Cheetah will generatie advice about insulin dosis or food intake. Several software packages offer this kind of functionality, but none of them an advice as personal as Cheetah will. The system learns from the user and learns how its body reacts on events such as insulin usage, food comsumption and activitivies like sports. The generated KB about the user is then shared (anonymously) with other users over the internet. Likewise, the user receives knowledge from other users. And this is exactly what makes cheetah unique: it will be the first diabetes software that doesnt just learn from one isolated user, but learns from all. This combined with a smart knowledge inferencing system will add up to a complete diabetes health system.

Advice

Three types of advice can hypothetically be generated. The first one is short-term, and gives advice about today. The second one tackles long-term problems and generates modifications to the current food/insulin diet. The third kind of advice generates a complete diet for you. [Type A is a must for Cheetah, while types B and C are optional at the moment]

Type A Advice

Examples:

  • Ann wants to eat grandma's pie.

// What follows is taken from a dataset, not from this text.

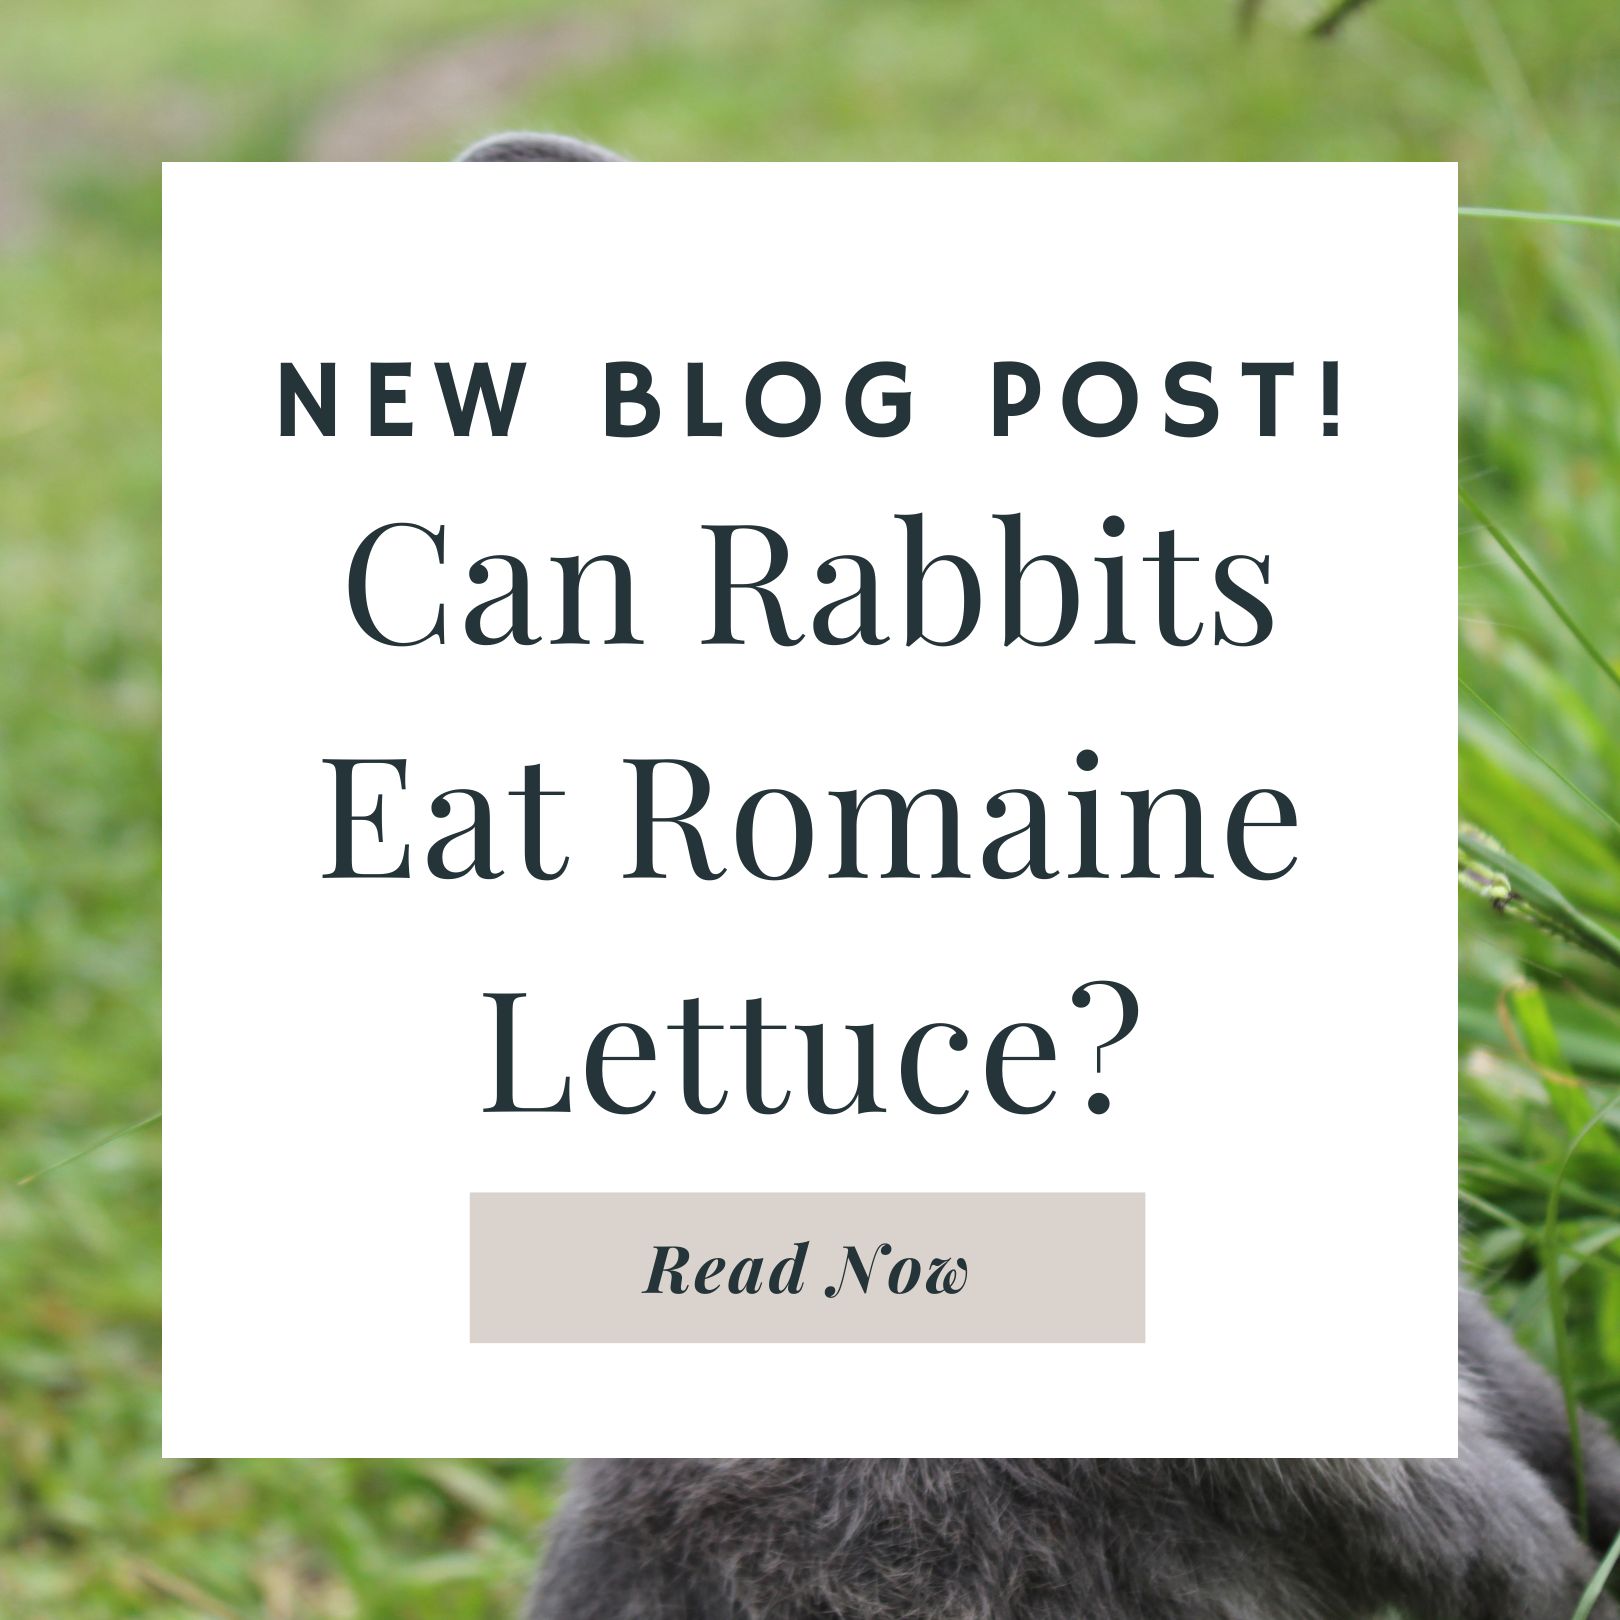 Can Rabbits Eat Romaine Lettuce?

Give her current glucose level, she wants insulin advice to prevent a hyper.
  • Ann will exercise in 2 ours, and wants food advice to prevent a hypo.

Advice Features:

  • Advice is generated about insulin dosis or food intake about today (max. 24h ahead).

Steps:

  • The user asks for short-term advice
  • The system presents a scheme on which the user fills in today's future insulin or food intake. (Needs a intuitive and easy UI which allows the user to choose default values). The user can fill in "?" which are events to be advised.
  • Cheetah puts these things into his model and sees how to fill in the ?'s to make the glucose prediction as stable as possible.
  • Cheetah presents the advise.

Type B Advice

Examples:

  • Ann always has a hypo at night. She wants advice to prevent this to happen again.
  • Ann always has a hyper in the evening. She wants advice to prevent his to happen again.

Advice Features:

  • Advice is generated not only for today, but is more general. Unlike type A, the (hypo/hyper) problem is recurrent.

Steps:

  • The user (and cheetah) spots a hypo/hyper problem and wants a solution.
  • Cheetah searches what causes the recurrent problem.
  • Cheetah presents the cause and gives advice how to solve this.

Type C Advice

Examples:

  • Pete has very much hypo's and hypers and wants the systeem to make a compleet food diet for him.
  • Pete goes on a food diet and asks the system to make a new insulin advise for him.

Advice Features:

  • Advice consists of a complete new personal diet, generated from scratch.

Steps:

  • [This is a stub] System makes everything a variable and optimizes the curve.